Joseph Harms is the author of Taps, an unabridged collection of his poetry collections Bel, Nous, Goety, Youel, and Funest, which has been published by Todos Contentos Y Yo También Press. Joseph’s poetry also appeared in The Gravity of the Thing’s Spring 2016 issue.
A finalist for the National Poetry Series Award, the Sexton Prize for Poetry, the Marsh Hawk Press Poetry Prize, and the Paul Nemser Book Prize, Joseph is the author of multiple poetry collections, as well as the novels Ades, Baal, Cant, and Wyrd, which have been collected in Evil (Expat Press). He is currently at work on a collection of poetry entitled Nihil, a centonical epic written in heptameter about nothingness and its twin life. Harms’ work has appeared in numerous literary journals, including Boulevard, The Alaska Quarterly Review, The North American Review, The International Poetry Review, Crazyhorse, The Opiate, and Bayou Magazine. He holds an MFA in Poetry from the University of Michigan Helen Zell Writers’ Program.
Praise for Taps:
“This is not poetry for the timid. There are magical incantations here, hallucinatory evocations of ordinary experience that will change the way a reader sees and thinks, hears and wonders. This poet’s work transcends, with music and image, our human existence.
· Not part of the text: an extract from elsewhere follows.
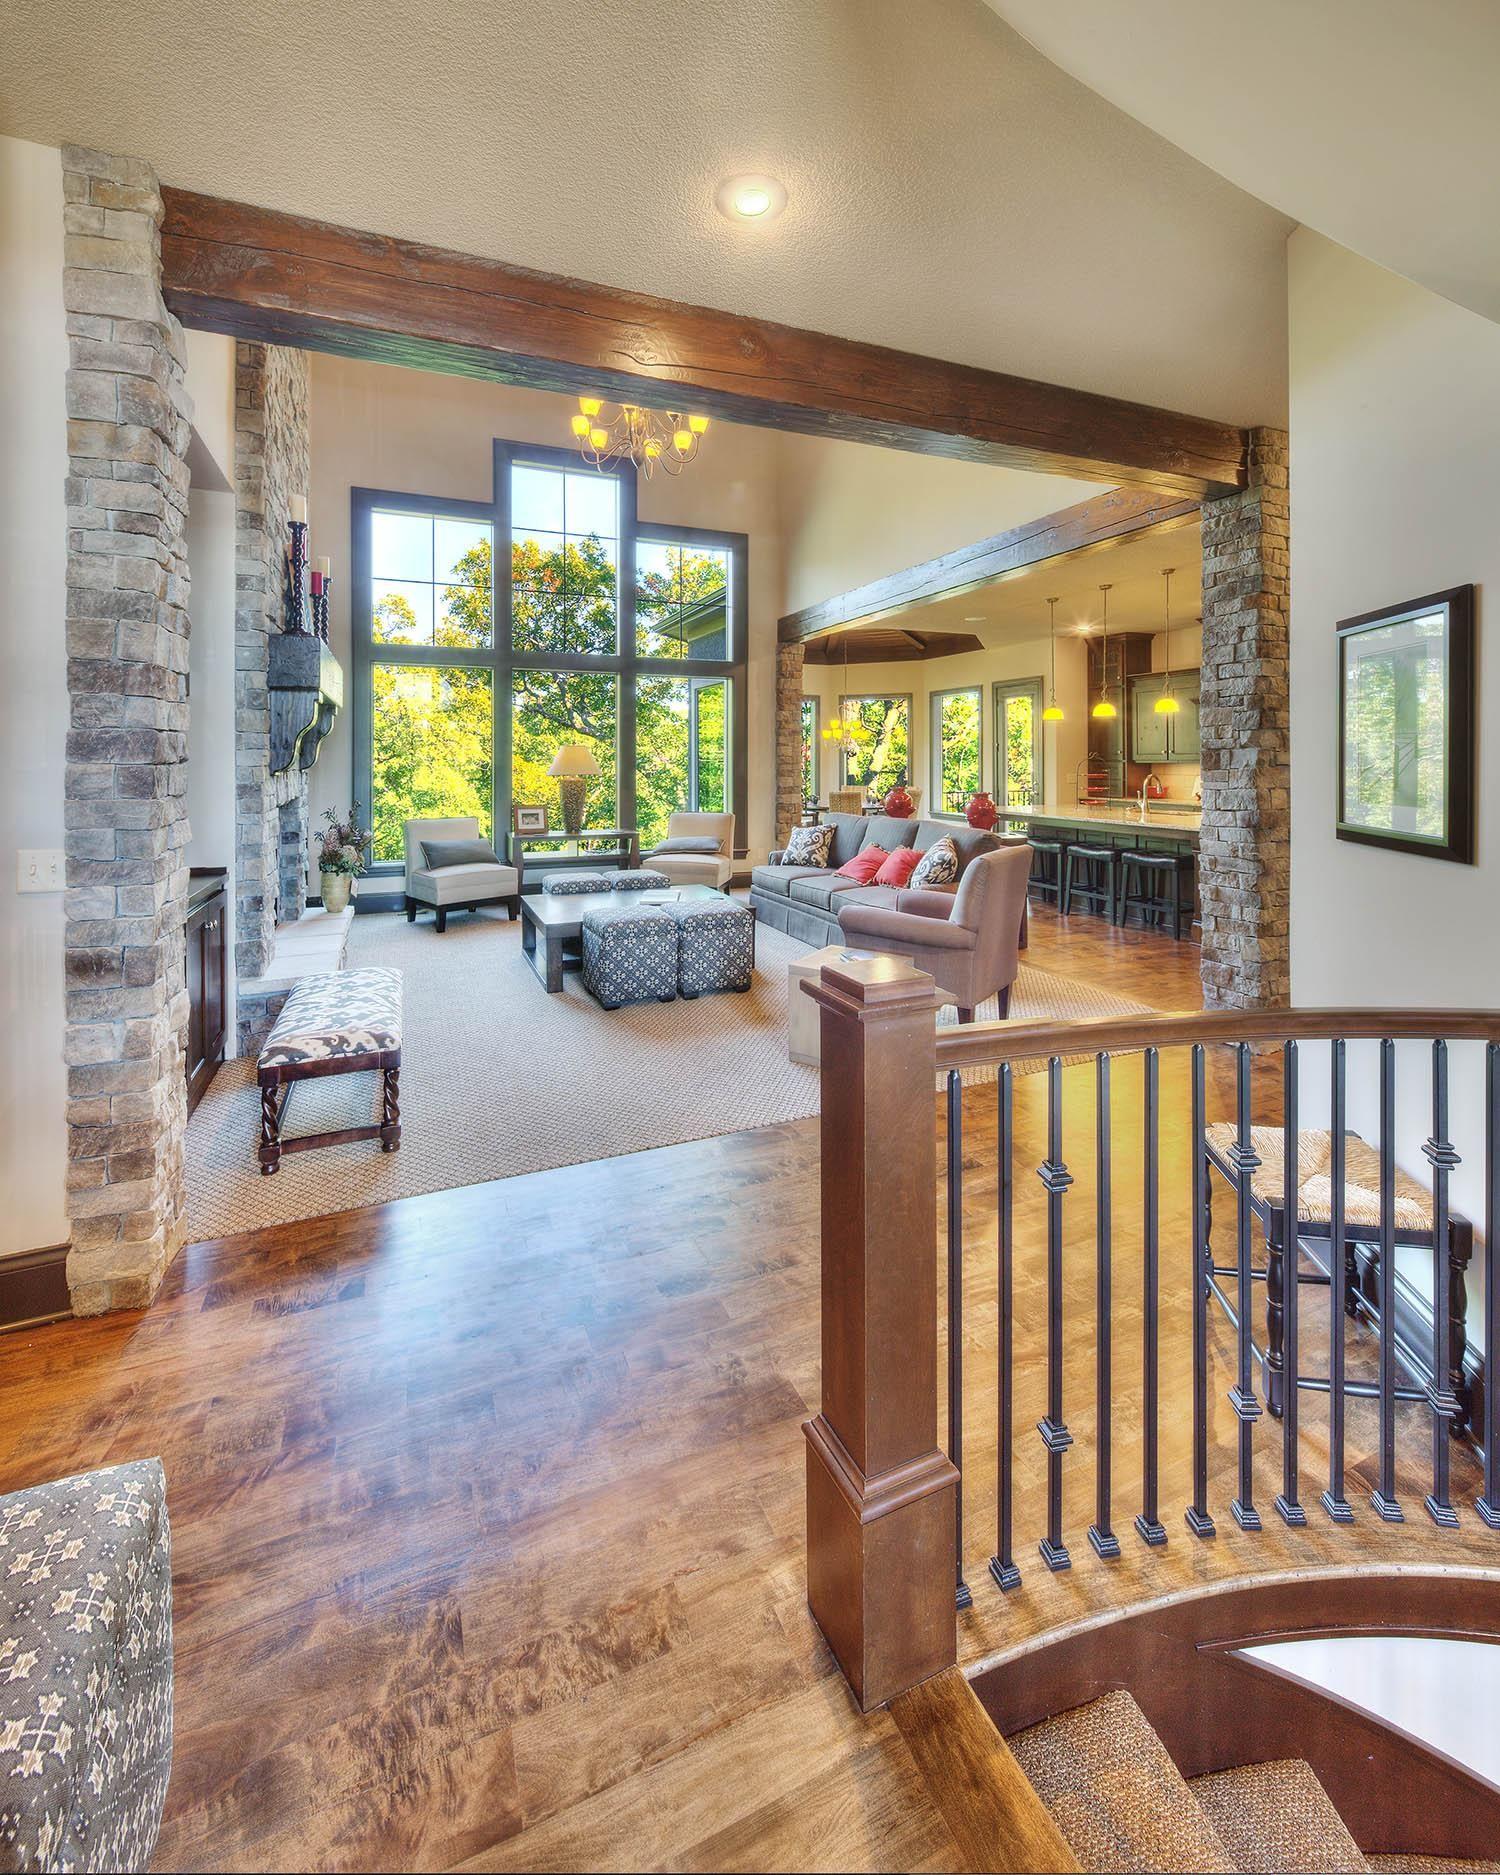 8 8x8  Home, Custom homes, Floor plan design

Harms is an alchemist, a soothsayer, a songwriter and a healer… This is poetry written from its most mind-bending heights and supernaturally darkest depths. You’ve not read a book like this before.”
—Laura Kasischke
“Joseph Harms is one of those rare poets who is truly inventing his own language. His poems are thickly populated sonic events that manage to plumb existential depths in weirdly ordinary settings. Most of all, it’s clear that this is a poet who loves—I mean loves—words. I’ve never read anything like Harms’ work; each time I encounter it, I emerge with better questions, wilder memories, and a fiercer devotion to all that poetic language can do.”